--- Available data ---

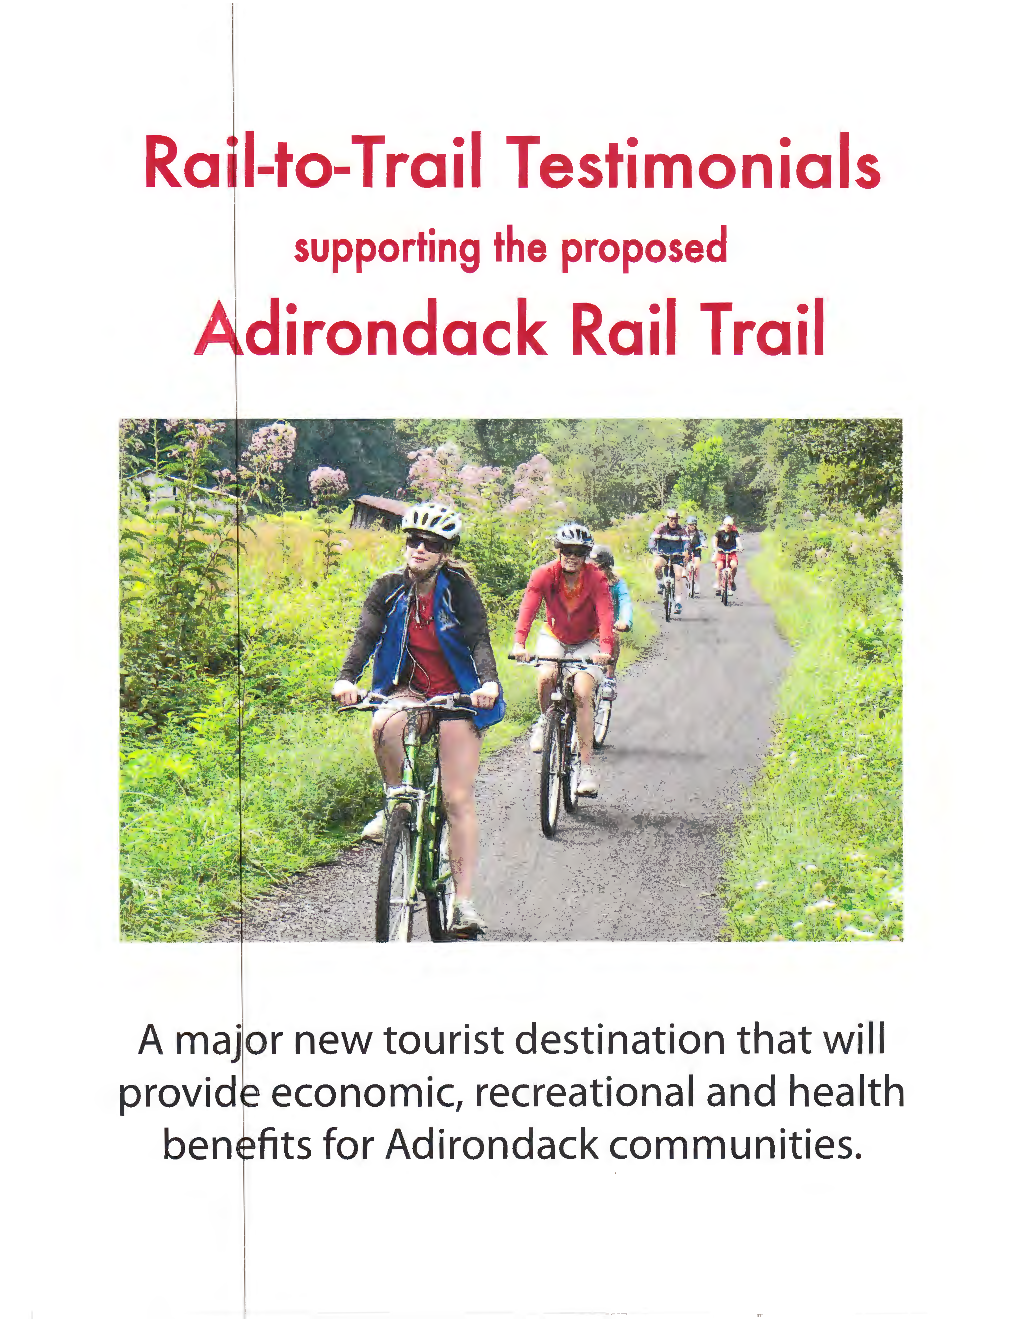 Ra I-To-Trail Testimonials . Dirondack Rail Trail
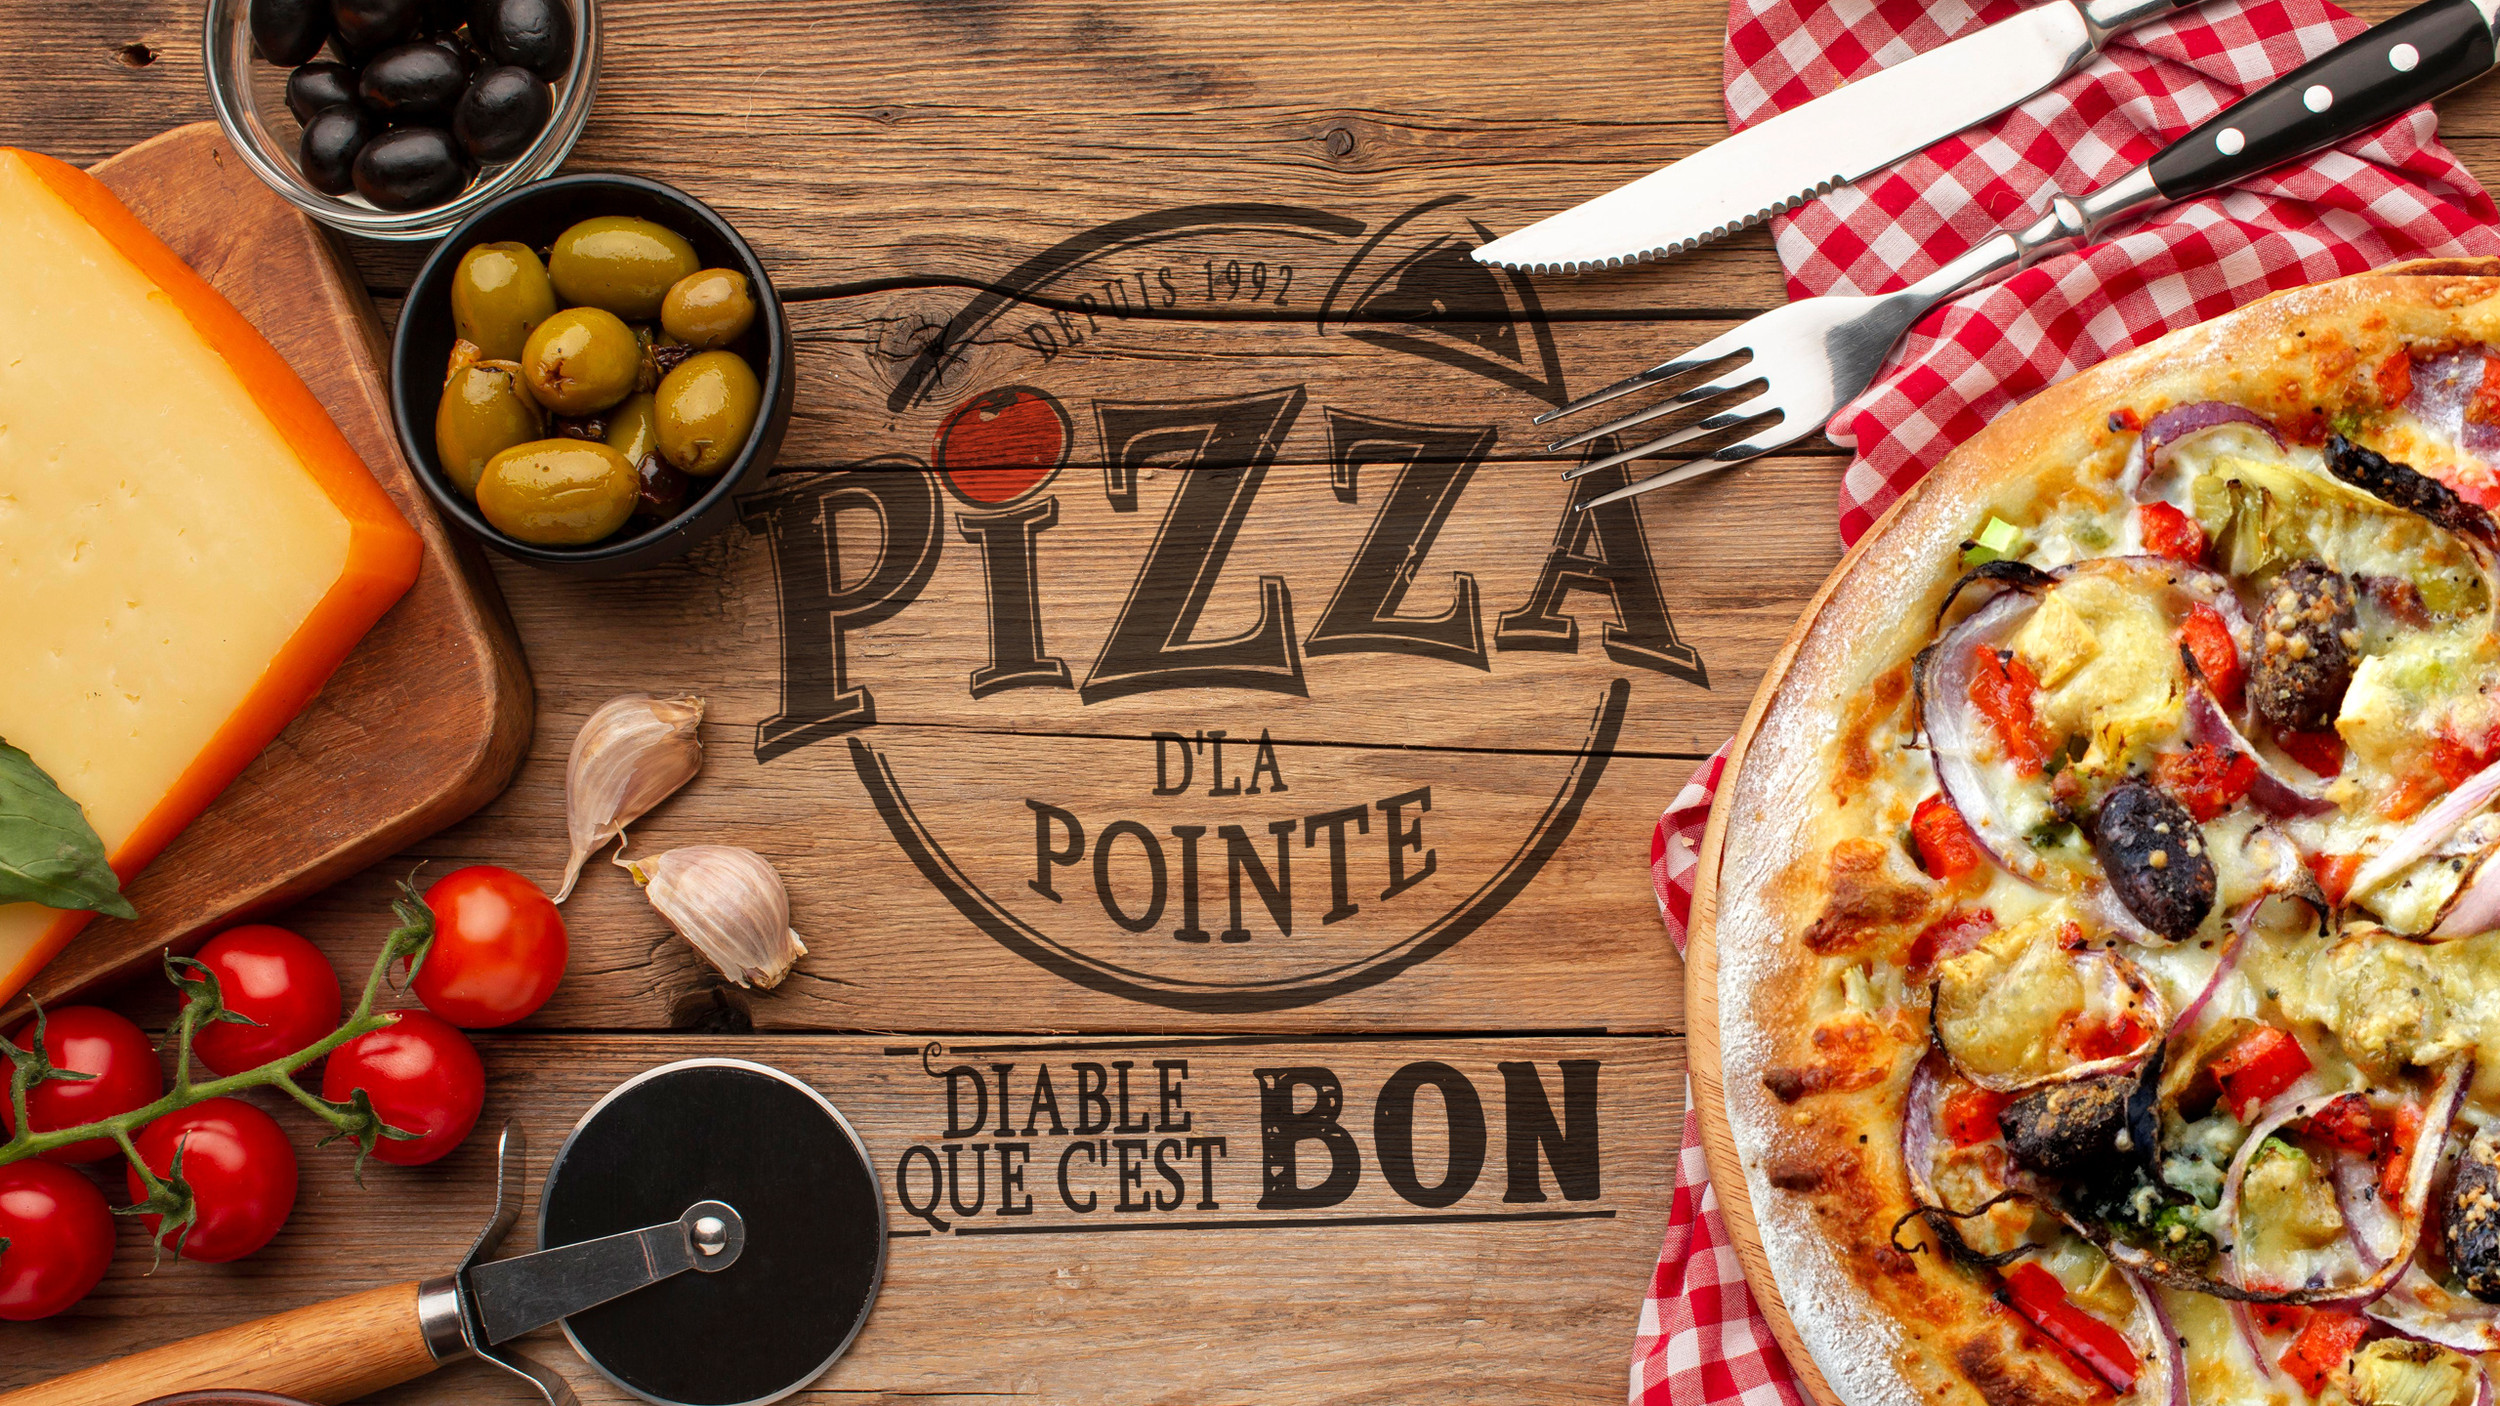 Pizza D'LA Pointe - Pizzeria
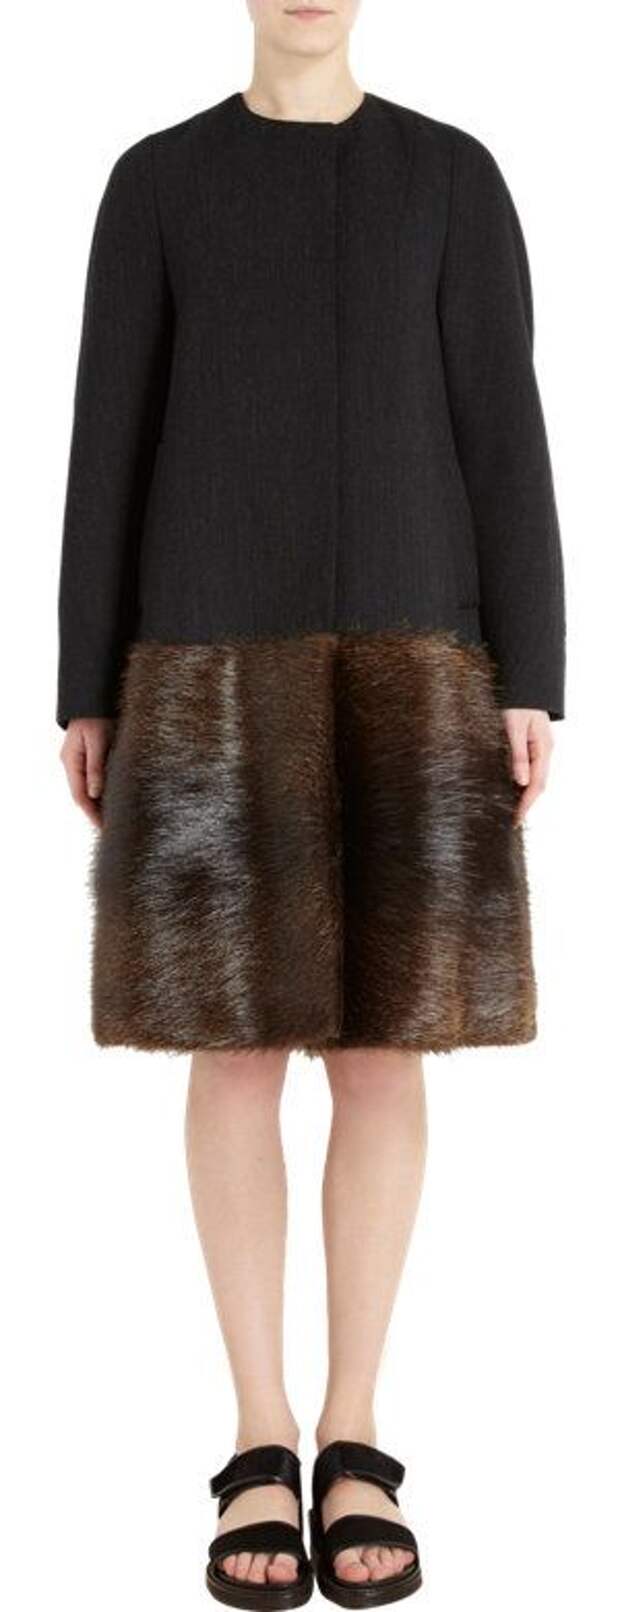 Marni Fur Bottom Coat at Barneys.com:

---

● **Description of the task**
Return the data verbatim, leaving out the pictures it holds.

● **Result of this task**
 Ra I-To-Trail Testimonials . Dirondack Rail Trail
 Pizza D'LA Pointe - Pizzeria
 Marni Fur Bottom Coat at Barneys.com:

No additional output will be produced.